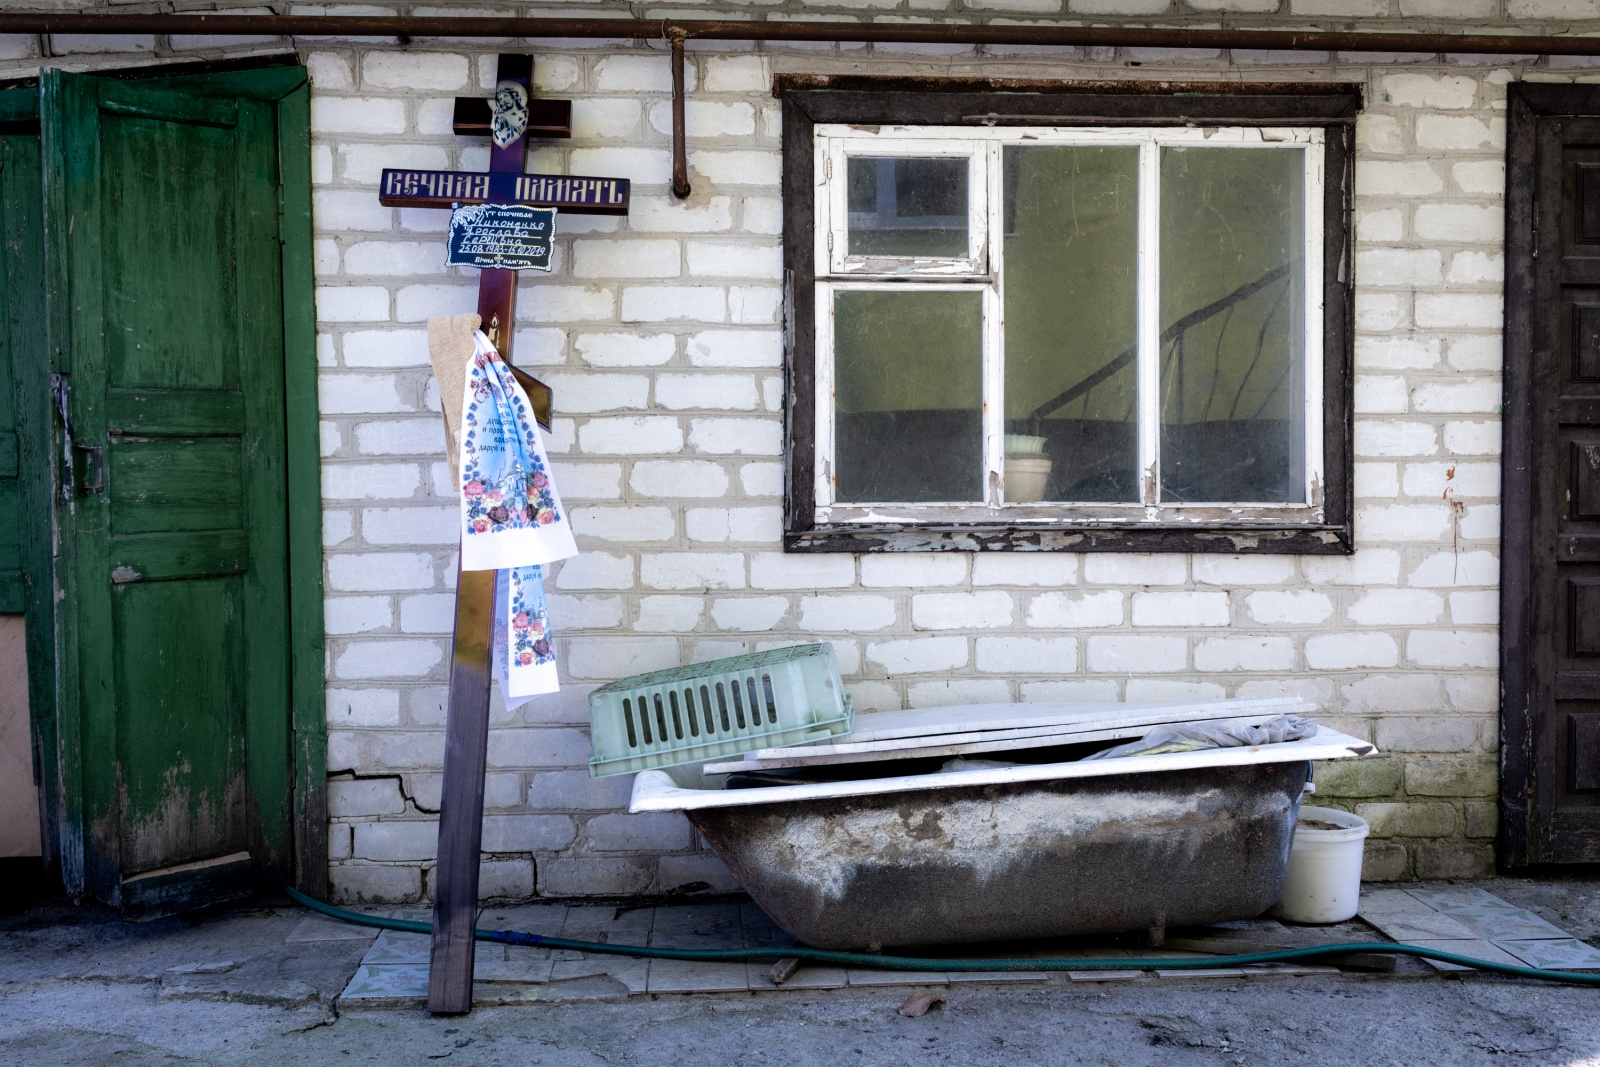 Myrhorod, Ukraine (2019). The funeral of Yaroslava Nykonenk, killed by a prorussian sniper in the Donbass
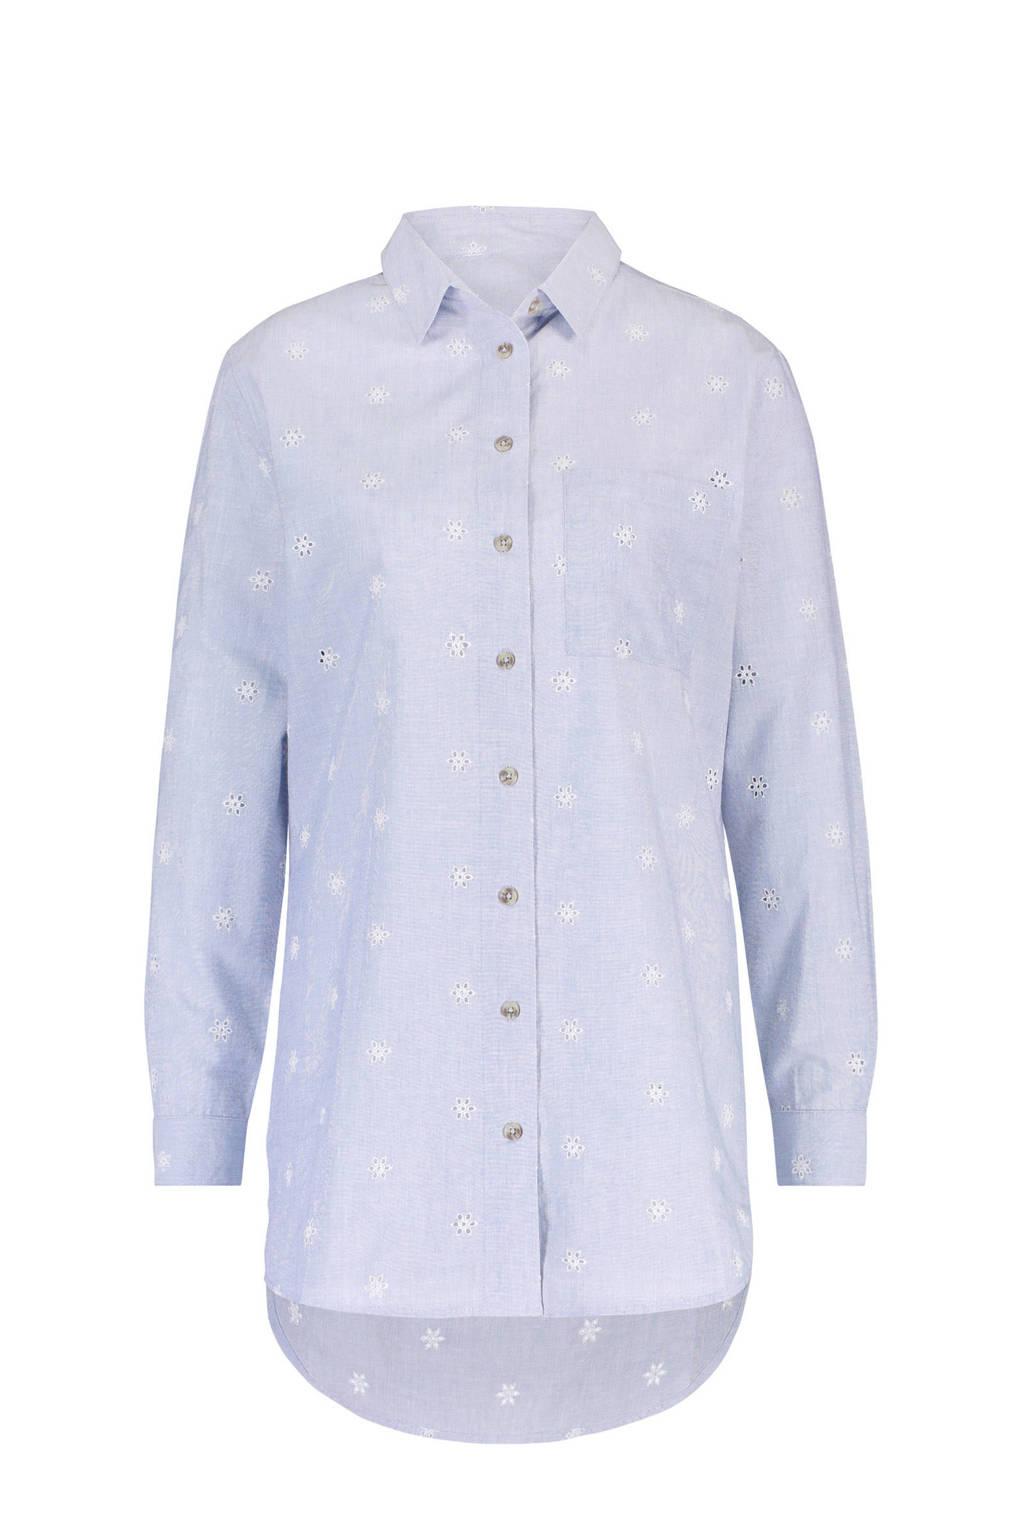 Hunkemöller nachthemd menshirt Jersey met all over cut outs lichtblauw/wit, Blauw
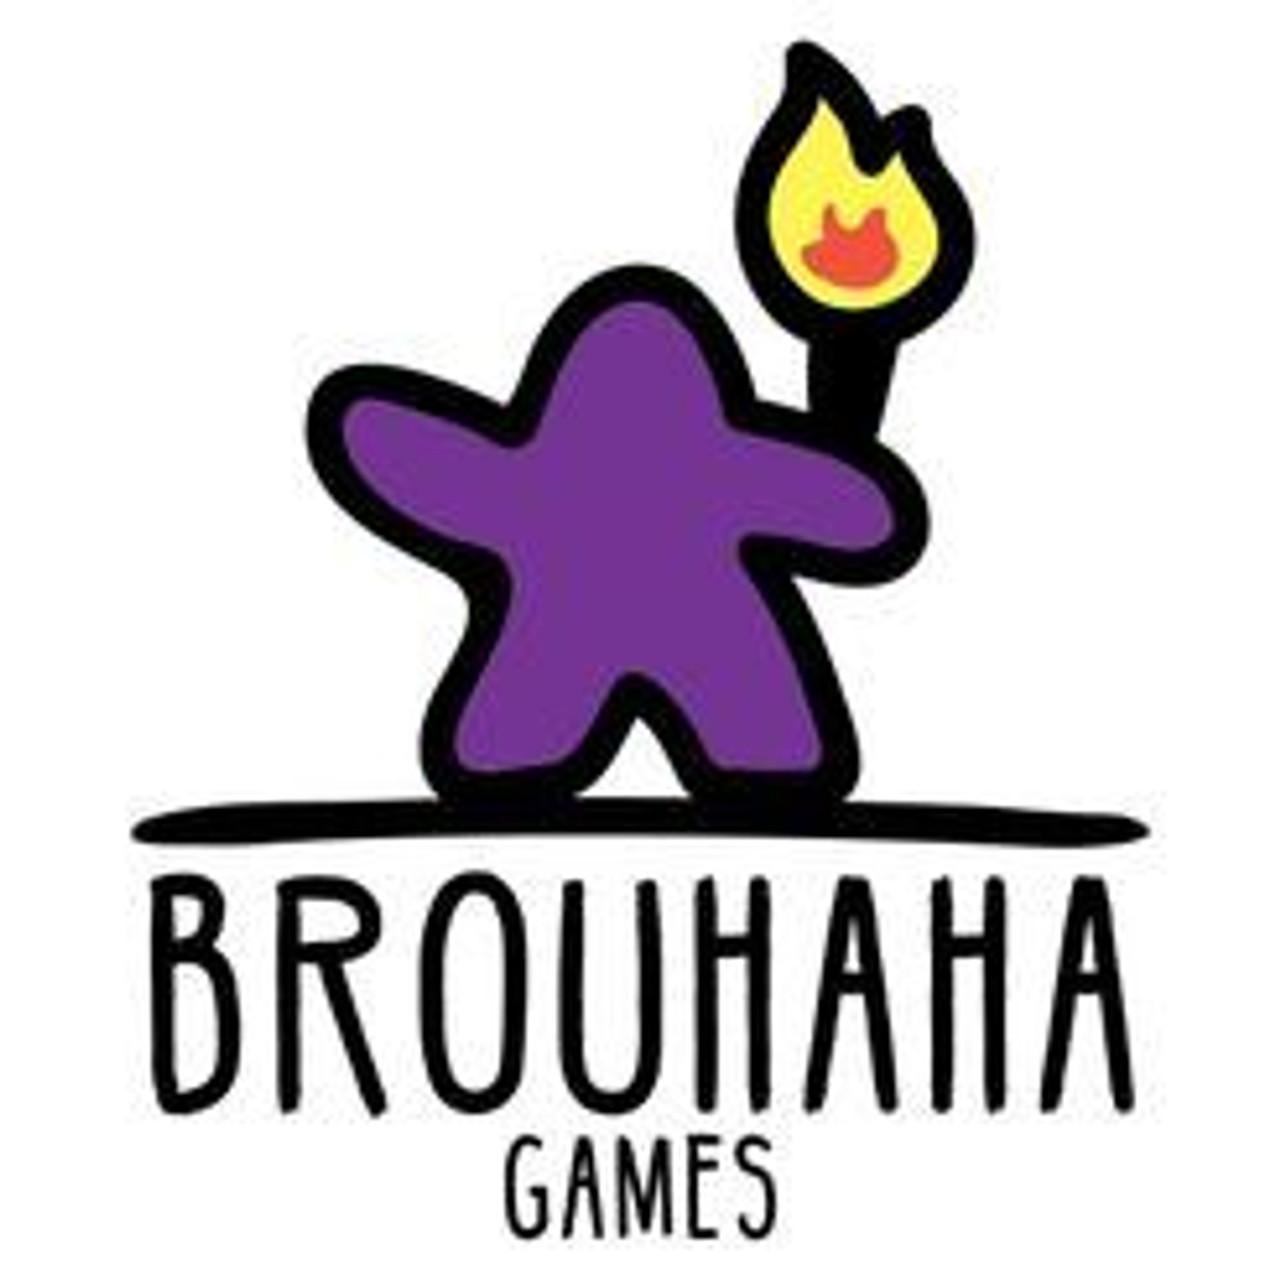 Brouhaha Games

Your assignment
Output the line containing "Hunkemöller nachthemd menshirt" and each line after it, through the end of the material, exactly as given. No pictures belong in the output.

Answer space
 Hunkemöller nachthemd menshirt Jersey met all over cut outs lichtblauw/wit, Blauw
 Brouhaha Games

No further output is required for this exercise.